How foundation models interact with structured biomedical data and knowledge sources, including electronic health records, ontologies, and databases.
## Exsiting models
Existing work on integrating foundation models with biomedical data systems can be grouped into several paradigms. These categories are not rigid, and many practical systems combine multiple strategies [@doi:10.1093/jamia/ocae074].
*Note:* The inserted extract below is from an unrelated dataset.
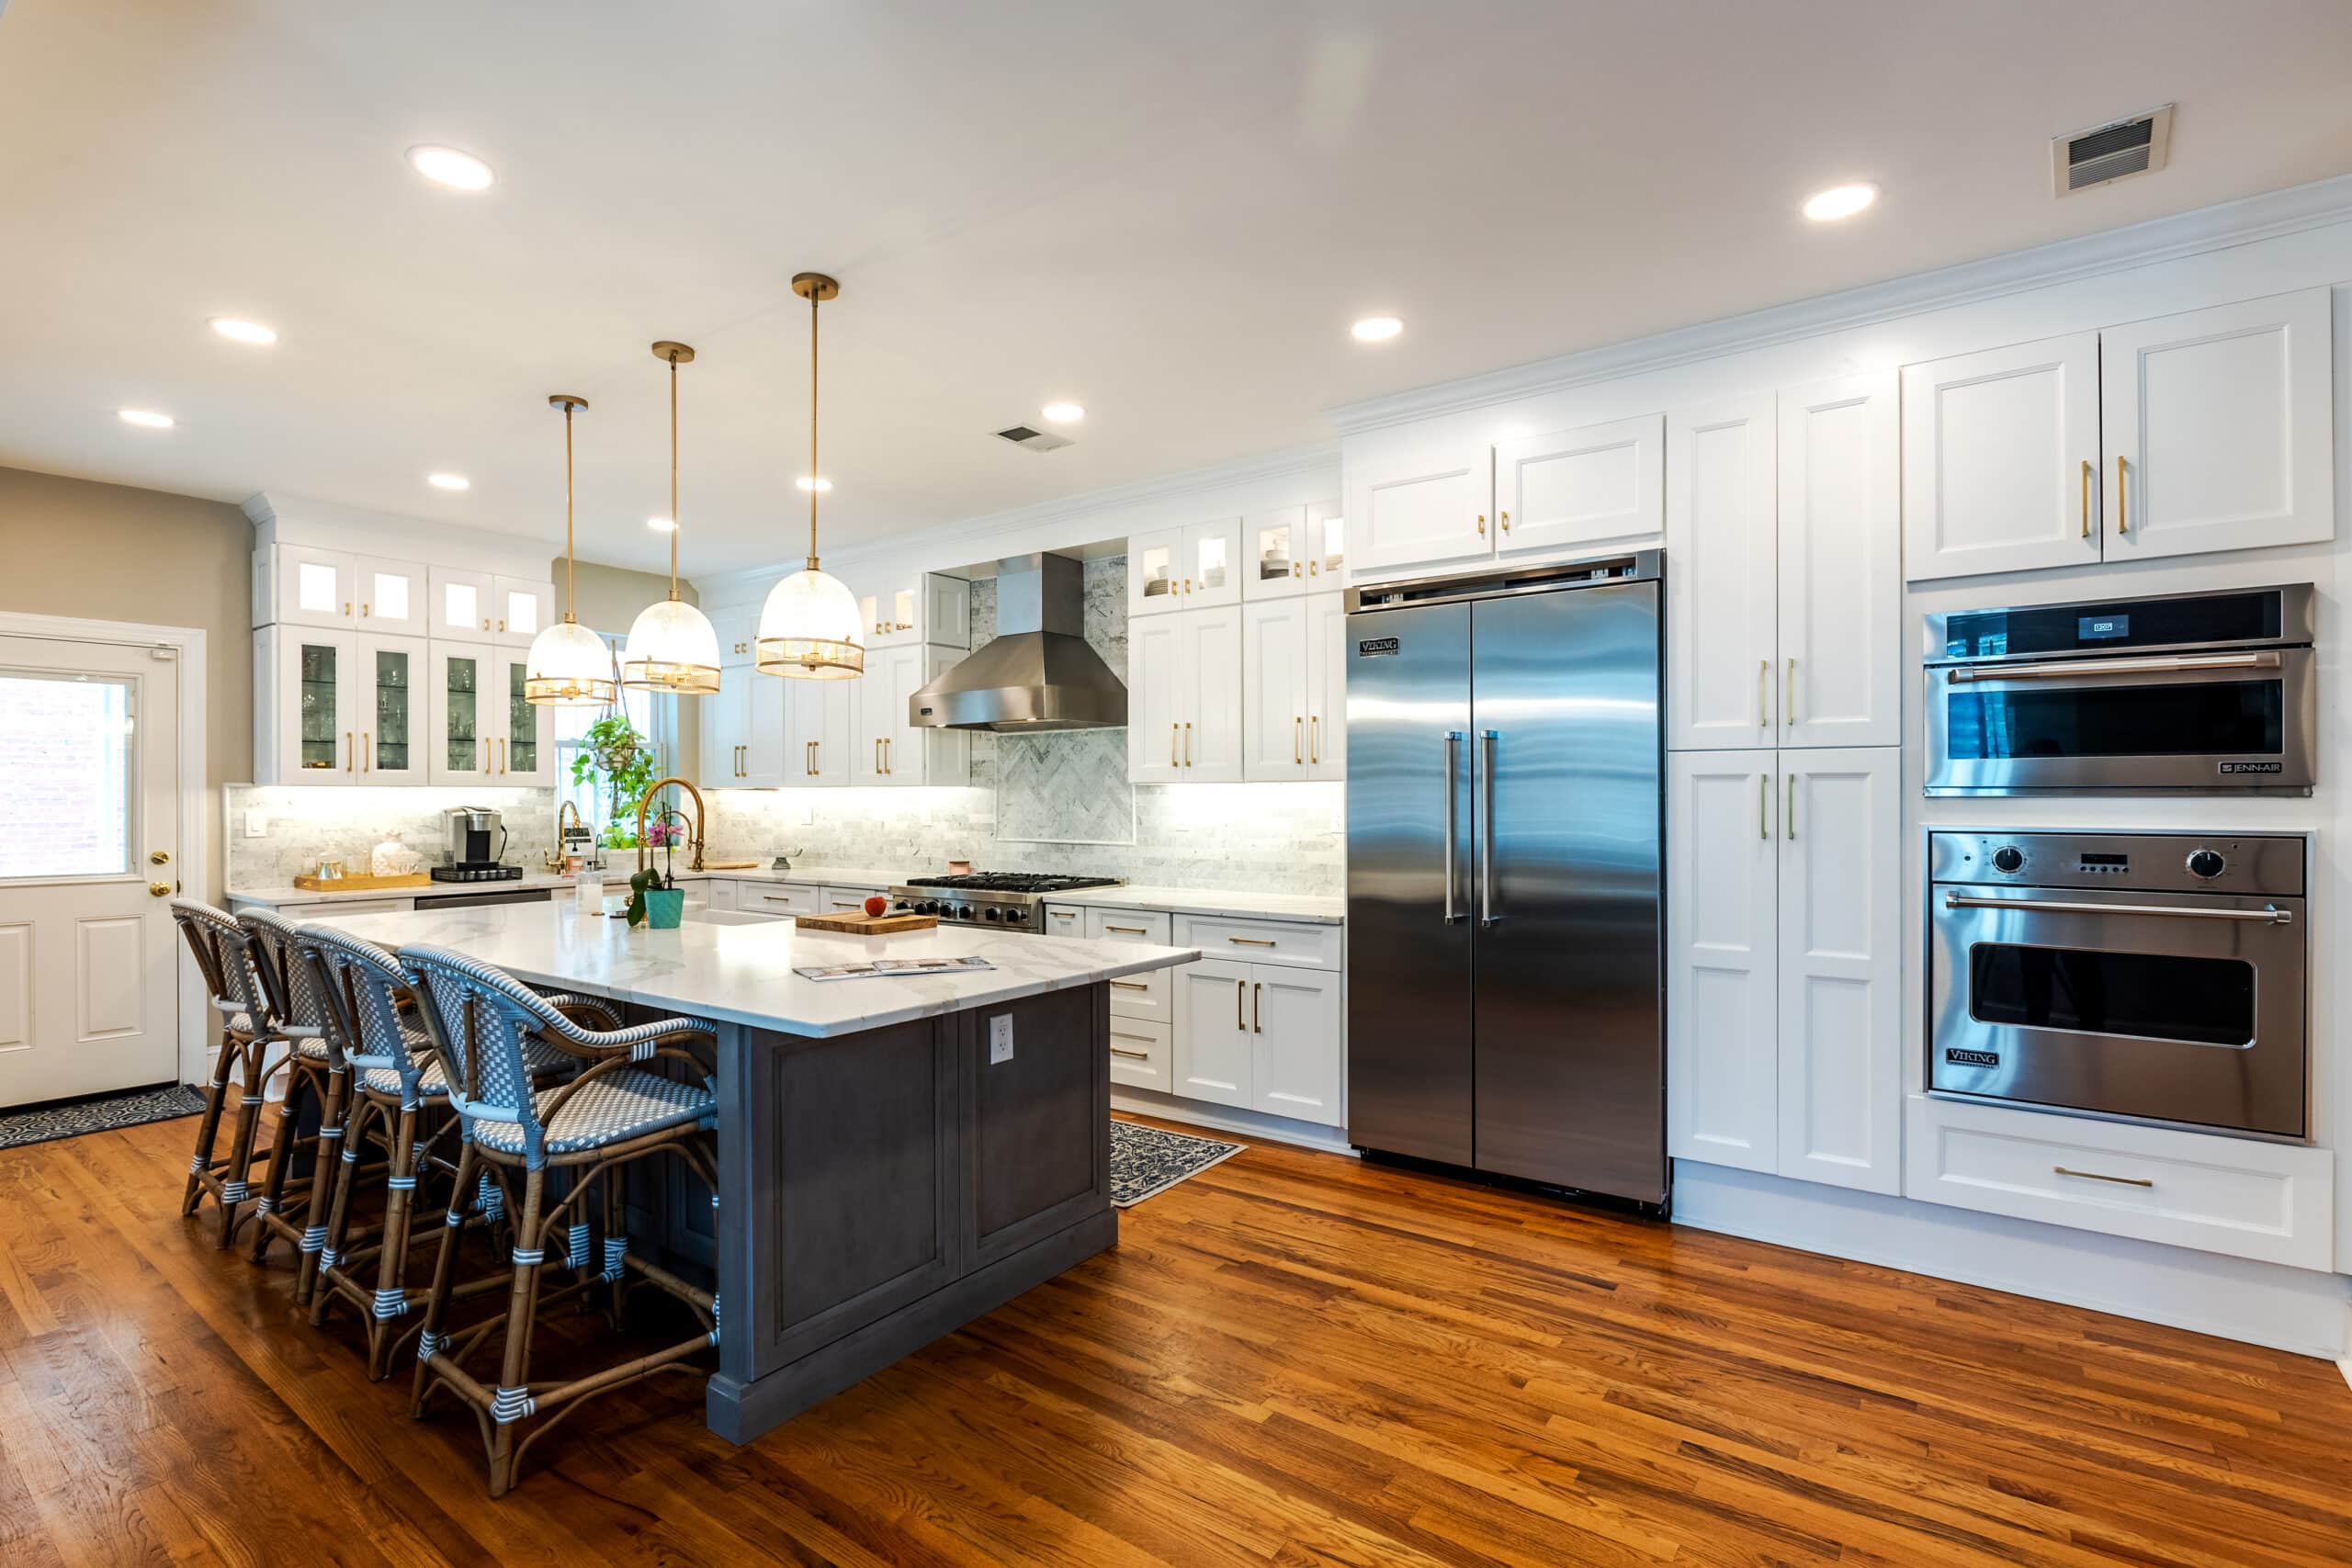 A kitchen with sleek white cabinets and modern stainless steel appliances

#### Native integration in domain-specific models

One approach builds domain-specific models that directly operate on biomedical structures, especially EHRs. BEHRT adapts the Transformer architecture to longitudinal patient records by modeling diagnosis and treatment codes together with visit and demographic information [@doi:10.1038/s41598-020-62922-y]. Med-BERT similarly uses large-scale structured EHR data with pretraining objectives inspired by masked language modeling to learn reusable patient representations [@doi:10.1038/s41746-021-00455-y]. Related work such as CLMBR also learns representations from longitudinal clinical records while preserving temporal structure [@doi:10.1016/j.jbi.2020.103637].

The advantage of this paradigm is strong alignment with biomedical structure: temporal patterns, code co-occurrence, and patient history can be modeled more naturally than through generic text interfaces [@doi:10.1038/s41598-020-62922-y; @doi:10.1038/s41746-021-00455-y]. Its limitation is reduced portability, since these models are often tied to specific coding systems, institutions, or data formats and require substantial domain-specific pretraining [@doi:10.1016/j.jbi.2020.103637; @doi:10.1093/jamia/ocae074].

#### Adaptation of general foundation models

A second approach adapts general-purpose foundation models to biomedical data systems instead of designing new architectures from scratch. Structured biomedical inputs are often serialized into natural language or otherwise reformatted into model-compatible forms. Med-PaLM is a representative example, showing how a general large language model can be adapted to medical reasoning through instruction tuning rather than fully domain-specific pretraining [@doi:10.1038/s41586-023-06291-2].

In practice, this adaptation may involve prompt-based serialization of patient records, biomedical fine-tuning, or tool-mediated access to external biomedical systems [@doi:10.1038/s41586-023-06291-2; @doi:10.1093/jamia/ocae074]. The main benefit is flexibility, since the same model can support multiple tasks and modalities. However, irregular time series, coded variables, and hierarchical schemas are not naturally captured through prompt text alone, so performance may depend heavily on input formatting and orchestration [@doi:10.1093/jamia/ocae202].

#### Retrieval-augmented integration

A third paradigm combines foundation models with external biomedical knowledge sources at inference time. Instead of relying only on parametric memory, these systems retrieve relevant papers, database entries, clinical guidelines, or ontology-linked documents and condition their outputs on that evidence [@doi:10.1093/jamia/ocaf008; @doi:10.1371/journal.pdig.0000877].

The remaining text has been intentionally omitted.